Background: Previous studies on prognostic indicators in Duchenne muscular dystrophy (DMD) have focussed on childhood cohorts, with lack of data in older cohorts. The role of the genotype also remains unelucidated.
Aim: To determine clinical and genetic prognostic indicators of disease progression in DMD patients.
Methods: Data was collected retrospectively from a cohort of DMD patients between 2020-2022 at a tertiary respiratory centre. Data was reported as median (range). Pearson?s and Mann-Whitney U tests were used for data analysis.
Result: 41 patients were identified, aged 33 (25-47) years. Age to non-ambulation was 10 (8-16) years. All patients were on non-invasive ventilation (NIV) and 70.7% were NIV-dependent. Age of NIV commencement and NIV-dependence were 18 (13-27) years and 28 (23-39) years, respectively. 95% of patients had cardiomyopathy and age of diagnosis was 16 (7-30) years. The age of NIV-dependence correlated with both age of cardiomyopathy (r=0.51, p=0.008) and age of non-ambulation (r=0.51, p=0.019) (Figure 1).

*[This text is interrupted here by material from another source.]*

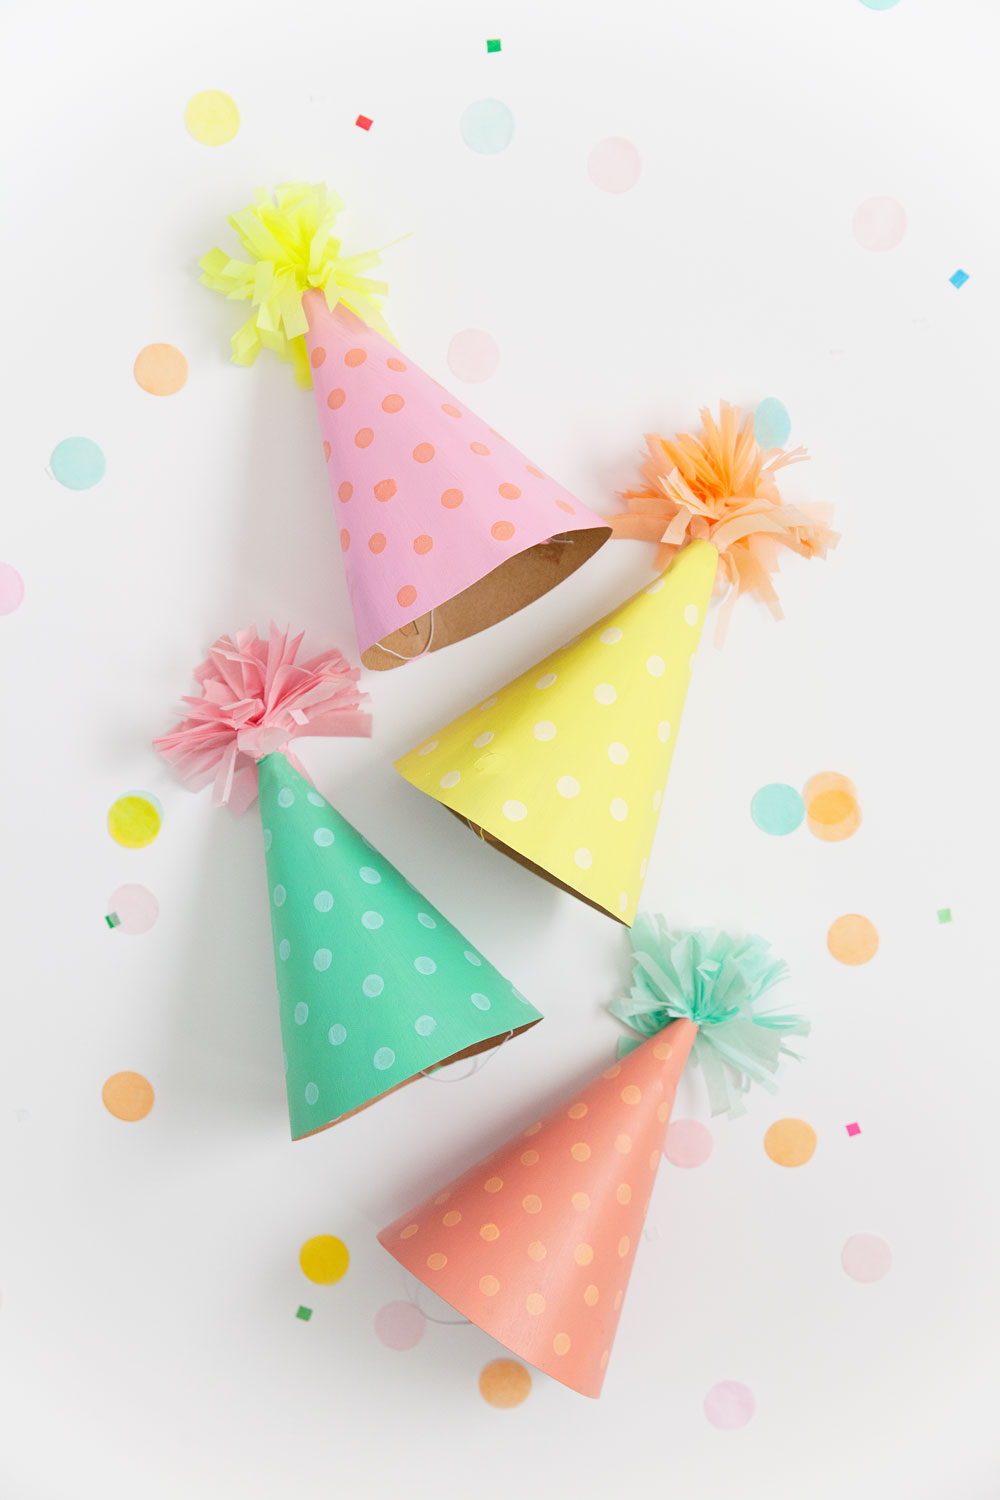 DIY party hats! Learn how to make these adorable pastel party hats which are sure to be a hit!

Age of non-ambulation (p<0.05), NIV-dependence (p=0.02) and cardiomyopathy (p=0.01) were lower in patients with multi-exonal than single exon mutations.
Conclusion: The age when ambulation is lost correlates with age of total ventilator dependency, providing empirical validation of the former. Multi-exonal mutations are associated with a worse prognosis.